Obviously defendant was willing to take his chances, hope for a favorable decision and resort to the appearance of fairness argument only if he was unsuccessful. Clearly, in these circumstances defendant has waived any right to object to the qualifications of the judge or the fairness of the sentencing proceedings — whether actual or apparent — and cannot now raise such issue.

23 Wn. App. at 714-15. See also In re Carpenter, 21 Wash. App. 814, 820, 587 P.2d 588 (1978). Defendant relies on Diimmel v. Campbell, 68 Wash. 2d 697, 414 P.2d 1022 (1966), in which the Supreme Court affirmed an order granting a new trial. In Diimmel, the trial judge's former law partner had written a letter expressing an opinion that corresponded to the judge's ruling in the case. The judge was made aware of the existence of the letter before the trial and of its contents after his ruling. The case is distinguishable. It involved a trial to the court which decided the case on the merits. This case was a trial by jury where the judge did not decide the merits of the case and was largely without discretion in sentencing because a mandatory minimum sentence is involved. The judge in Diimmel knew of the existence of the letter, but not its contents, before he made his ruling. In this case, the court was unaware of the prior representation until well after the trial. Defendant waived his right to make an appearance of fairness objection.

[4] Finally, we recognize that a trial court's order granting a new trial should be reversed only for manifest abuse of discretion. Diimmel v. Campbell, supra. Such abuse occurs as a matter of law when there is no adequate legal basis for the order. Mulka v. Keyes, 41 Wash. 2d 427, 441, 249 P.2d 972 (1952). Our review suggests to us that the trial judge was principally motivated by compassion in granting a new trial. Commendable as this most certainly was, it did *815 not suffice as a substitute for proper judicial discretion.

Reversed.

REED, C.J., and PETRIE, J., concur.

Reconsideration denied June 3, 1982.

Review denied by Supreme Court September 13, 1982.

NOTES

[1] Defendant made no contention in the trial court or here that the trial judge erred in allowing defendant to represent himself.
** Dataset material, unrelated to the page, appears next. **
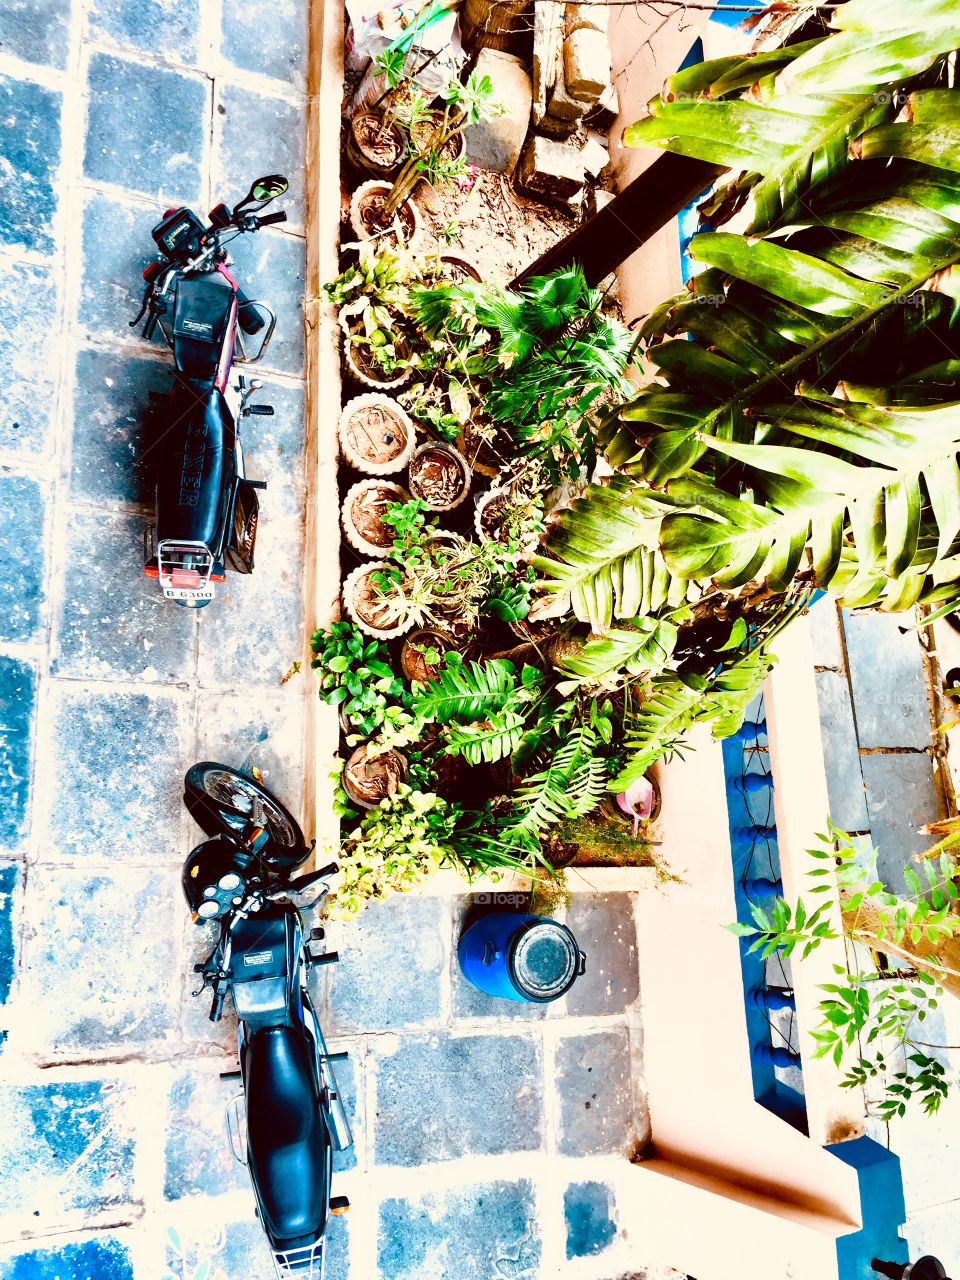 Garden in my colleague’s house

The order granting a new trial expressly found that defendant was competent to waive counsel and did so knowingly and voluntarily.
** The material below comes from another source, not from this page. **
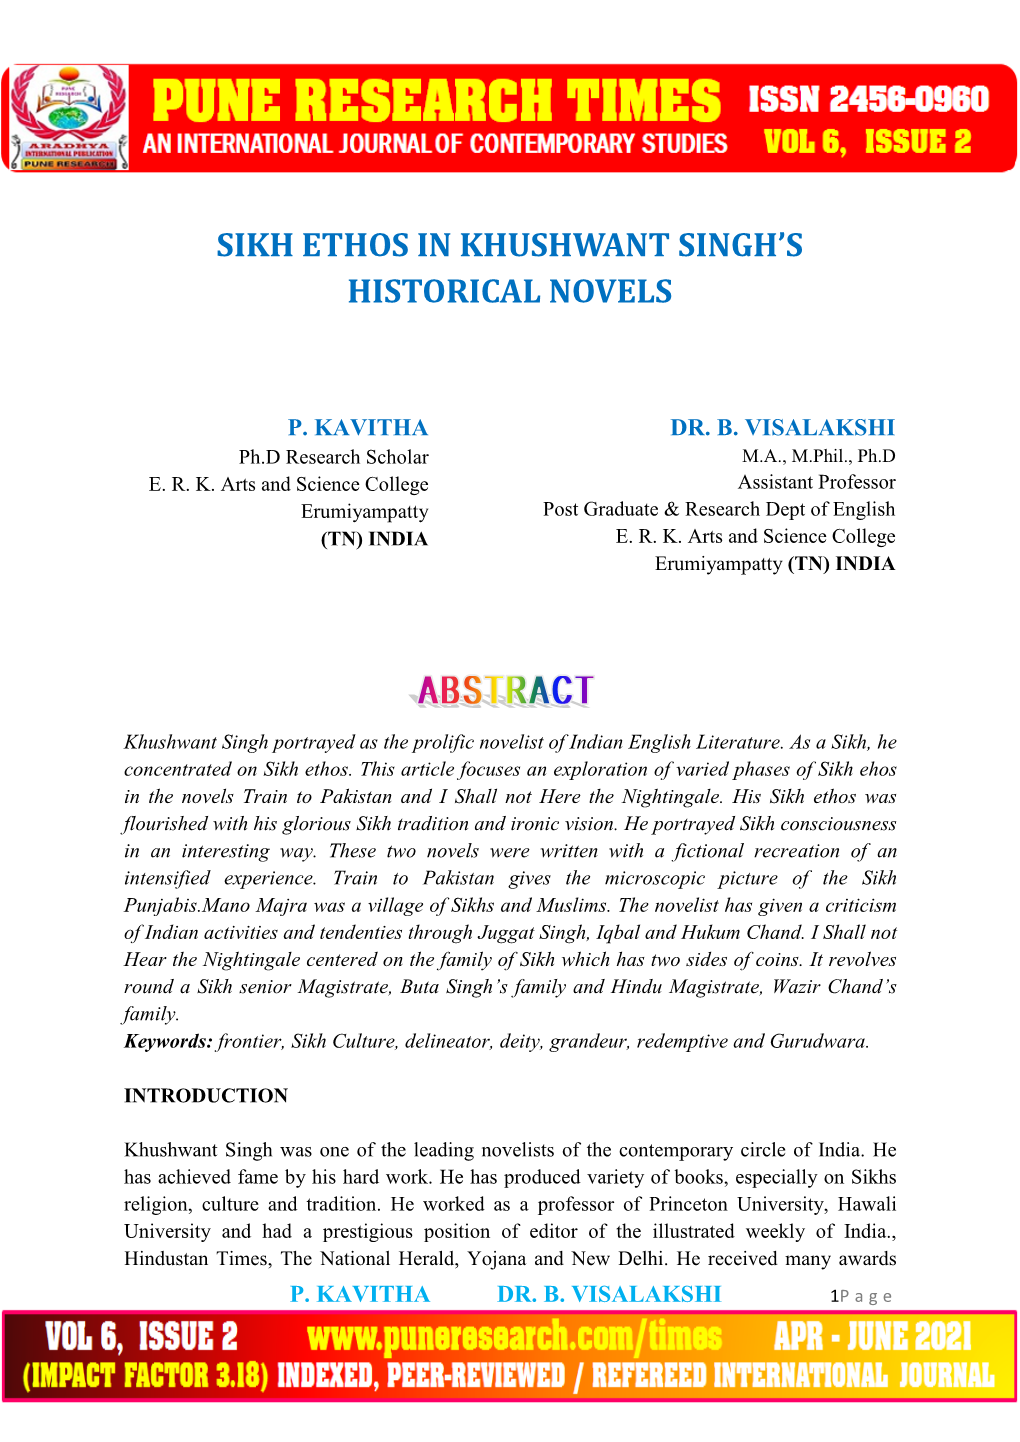 Sikh Ethos in Khushwant Singh's Historical Novels

[2] We note here that the trial court remarked, in ruling on the motions, that on retrial defendant would be represented by counsel. This is an unfounded assumption. Defendant's right to a pro se defense cannot be abridged by the court. State v. Jessup, 31 Wash. App. 304, 641 P.2d 1185 (1982). We also note that a new trial should be granted only if the claimed error was prejudicial (State v. Forbes, 74 Wash. 2d 420, 423, 445 P.2d 204 (1968)), i.e., an error which, if eliminated, would change the result. State v. Smith, 72 Wash. 2d 479, 484, 434 P.2d 5 (1967). Because defendant has the absolute right to represent himself again, we see no basis for assuming that he would not make the same or similar mistakes.